Мне  было очень больно за него, когда он заболел, и быстро изменился внешне. Но я закрываю глаза и вновь вижу того жгучего красавца в красных ботинках на желтой микропоре, в ослепительной рубашке и в галстуке с обезьянами, с белым нежным лицом и с капризно вскинутыми, словно нарисованными бровями. Он рвется вперед, в жизнь, он хочет воевать с режиссером, не дающим достойных ролей, он хочет говорить стихами и прозой о великой и бессмертной русской душе.


Б.Климычев.


И ВСЕ-ТАКИ ― РЫБАК!

    С Николаем Константиновичем встретились мы совершенно случайно, я жил в таежном городке Асине, туда прибыла группа писателей из Москвы, выступали они в клубе деревообрабатывающего комбината, где я тогда работал.
Заведующему клубом, симпатяге Петровичу, взбрело в голову пройти за кулисы и сказать там приезжим, что и в Асино есть свои поэты. Не думаю, что там  этому сообщению кто-либо слишком обрадовался.
Москвичей уже ждал у крыльца автобус, обкомовцы торопили.

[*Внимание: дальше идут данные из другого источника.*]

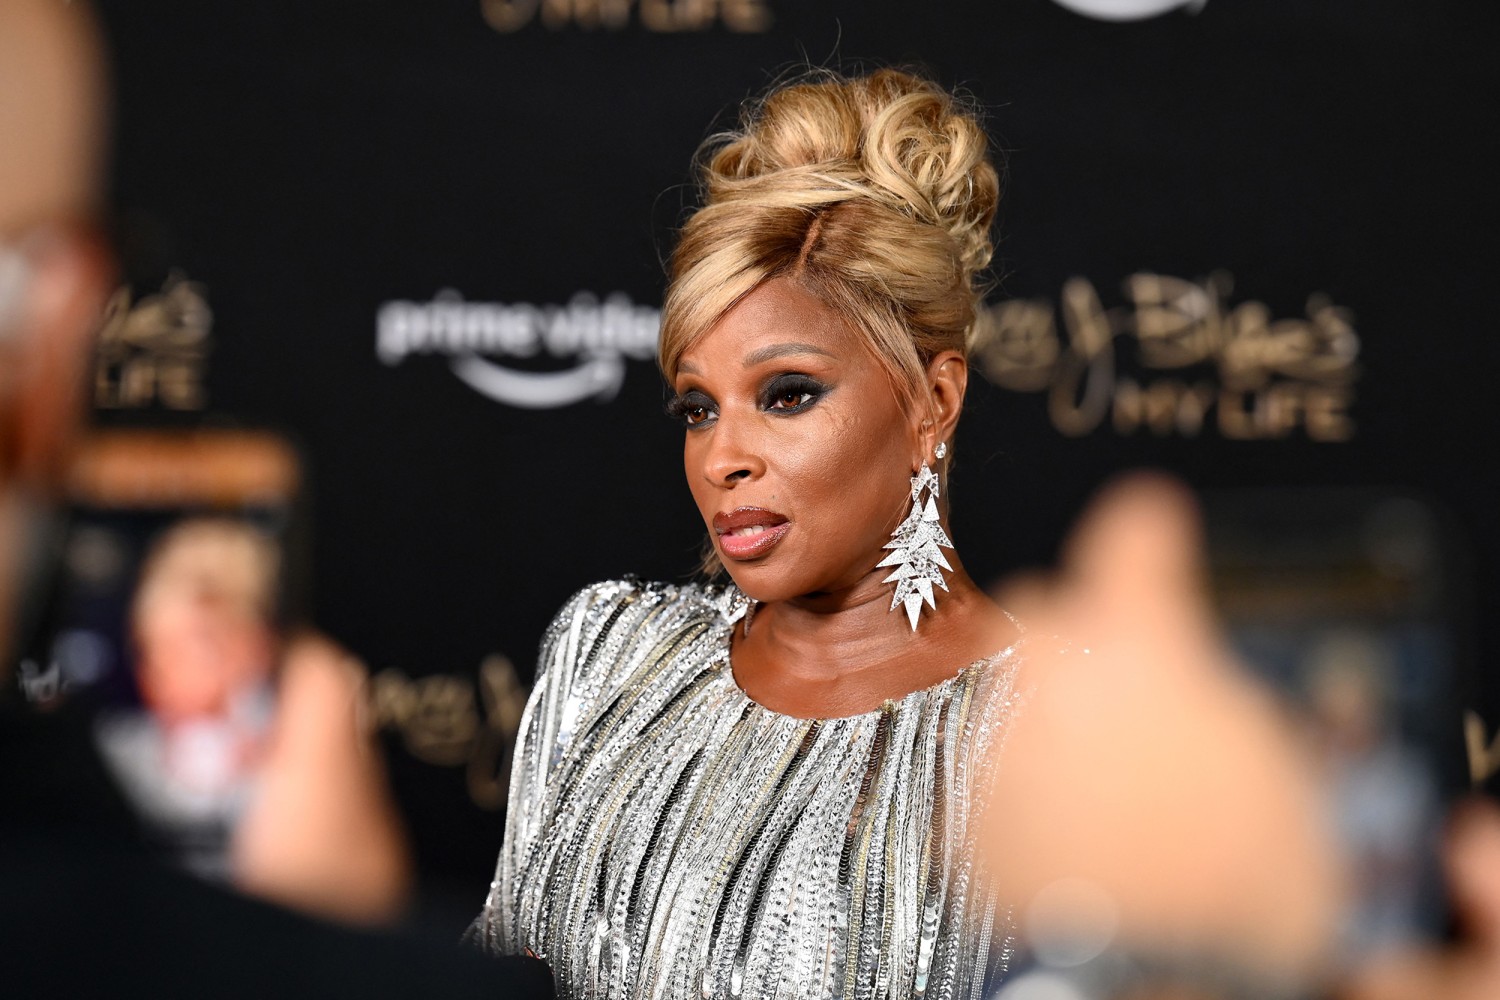 PICS: Mary J. Blige on set of 'Power Book II: Ghost' in NYC

Петрович в дверях буквально вцепился в Старшинова, мне было стыдно, а Старшинов сказал:
― Прочитайте самое короткое свое стихотворение!

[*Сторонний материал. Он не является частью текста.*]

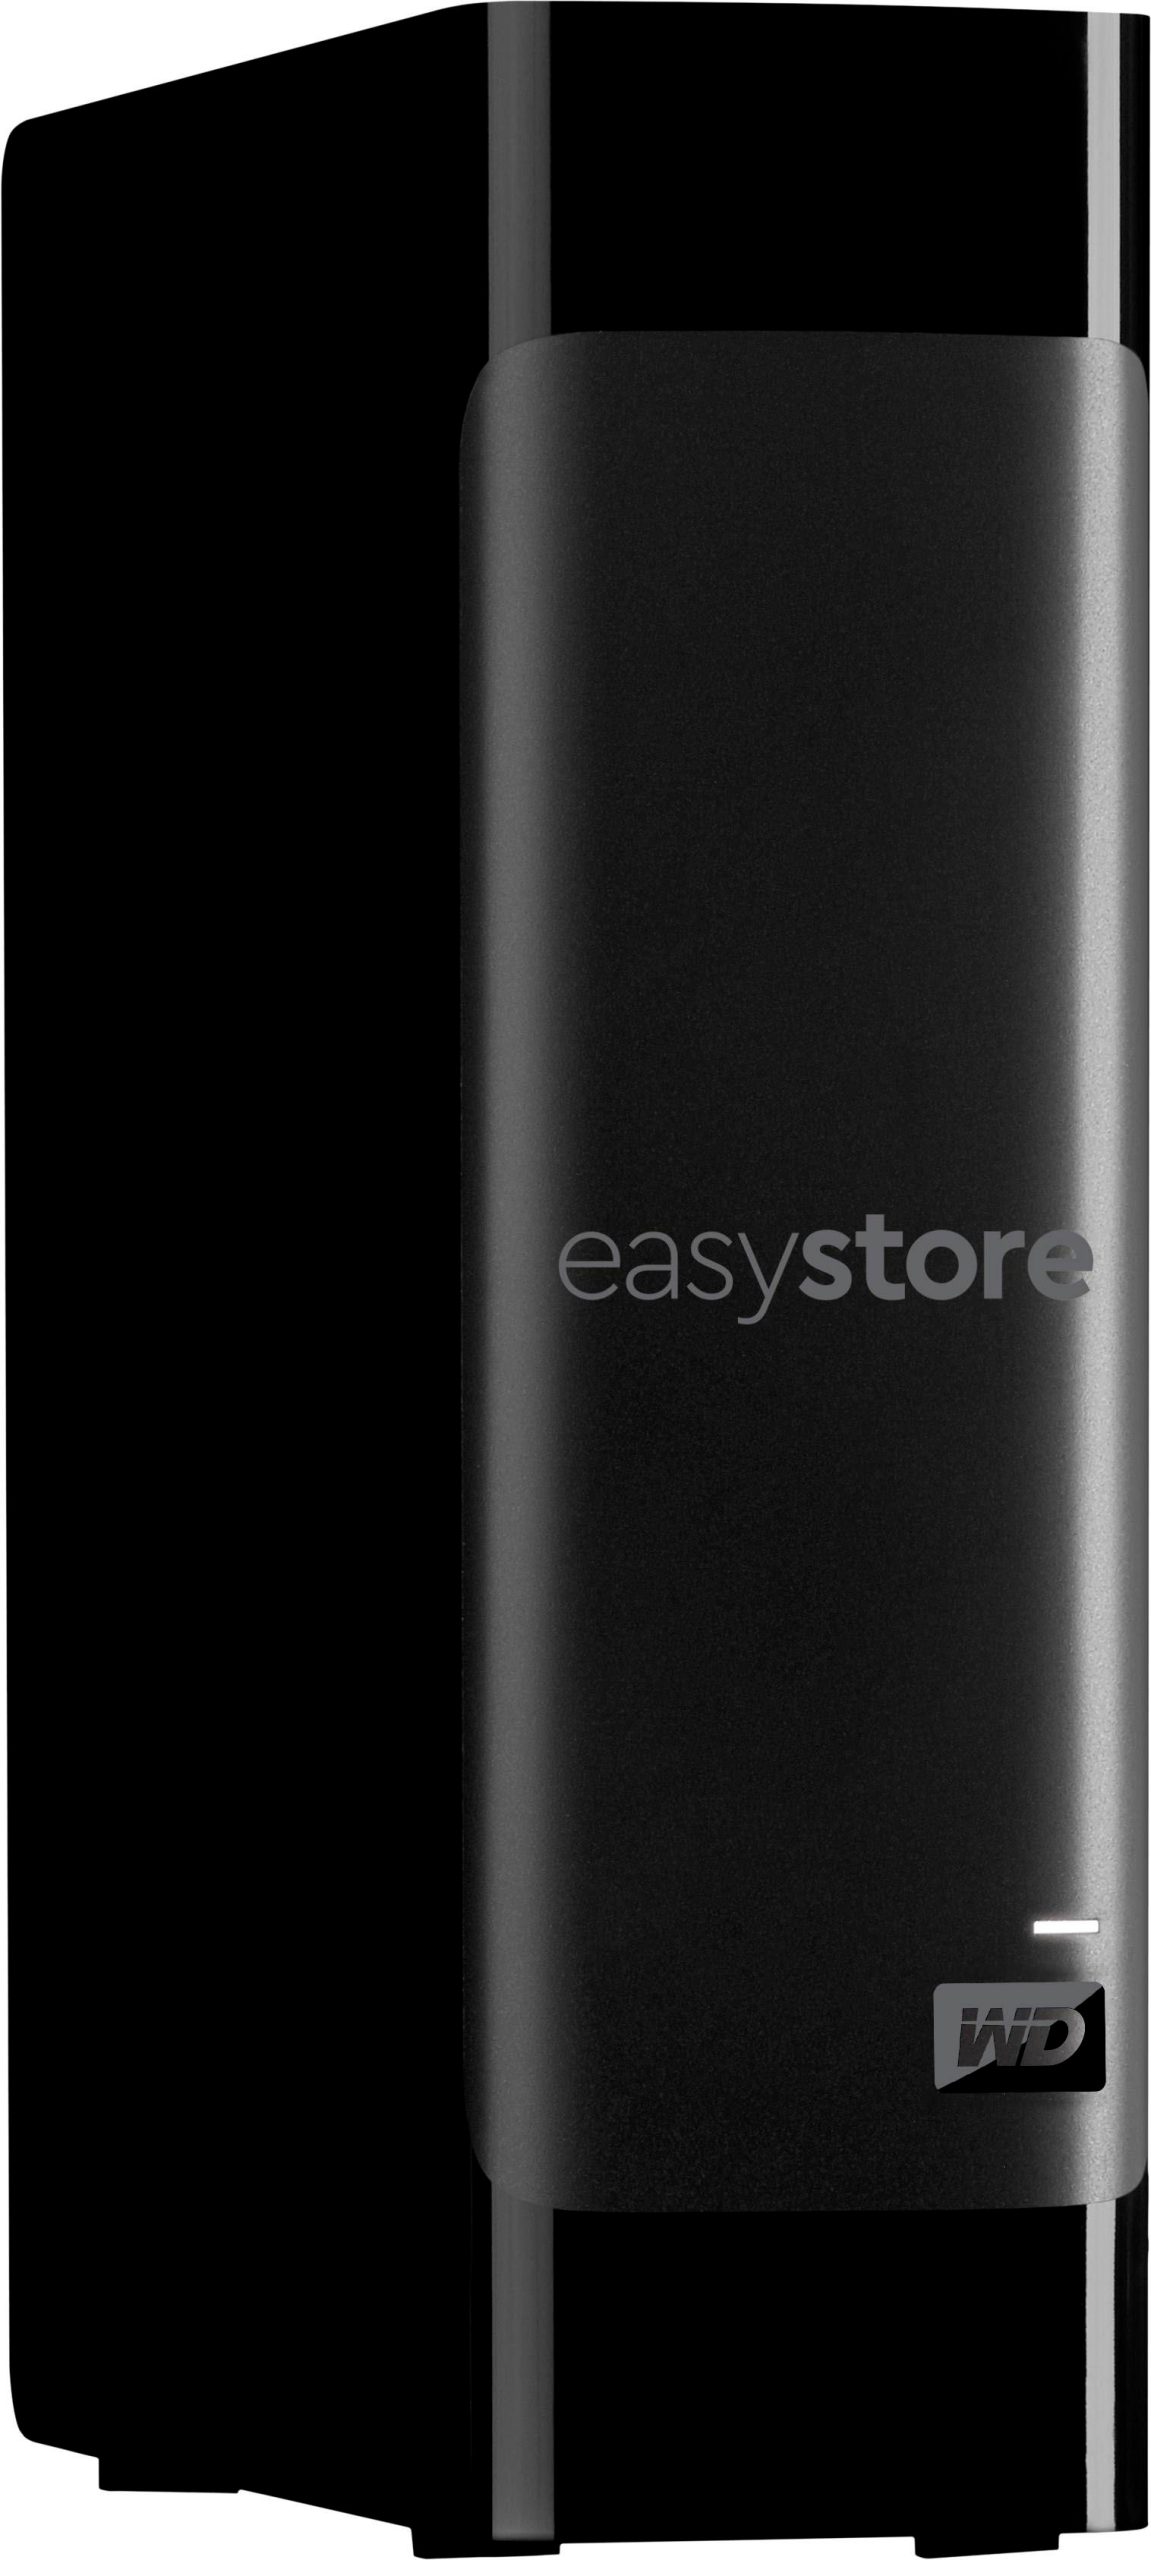 WD – easystore 14TB External USB 3.0 Hard Drive – Black – Just $229.99 at Best Buy

Я и прочел две строфы, пока москвичи рассаживались, и кричали Старшинову, чтобы он тоже садился в автобус. Но, видимо, и в этом гвалте Старшинов уловил что-то, ибо он мне дал свою книжку, на обороте которой написал свой домашний адрес:
― Пришлите рукопись! ― крикнул он в тот момент, когда дверь автобуса уже закрывалась.
Вскоре я отправил ему рукопись, а 29 декабря 1972 года получил от него письмо.
" Я вам могу сообщить, что  в альманахе " Поэзия", который я редактирую, идут 8 ваших стихов…(Правда, его еще будет читать главный редактор всего из-ства, который курирует художественную литературу, но я думаю, что всё будет нормально). Что же вы при встрече мне ничего не сказали? Ведь по приезде в Москву я вспомнил, что  печатал Вас в "Юности" ― "Когда замолчала валторна…"
Я удивился его памяти. Почему я ему ничего не сказал? Да разве я знал, что мое стихотворение опубликовал именно он? Еще в 1954 году  из Ашхабада, где я служил в армии, самонадеянно послал я  в столицу единственное свое стихотворение  с приложением своей фотографии, и оно было напечатано вместе с моим портретом! С тех пор столько воды утекло!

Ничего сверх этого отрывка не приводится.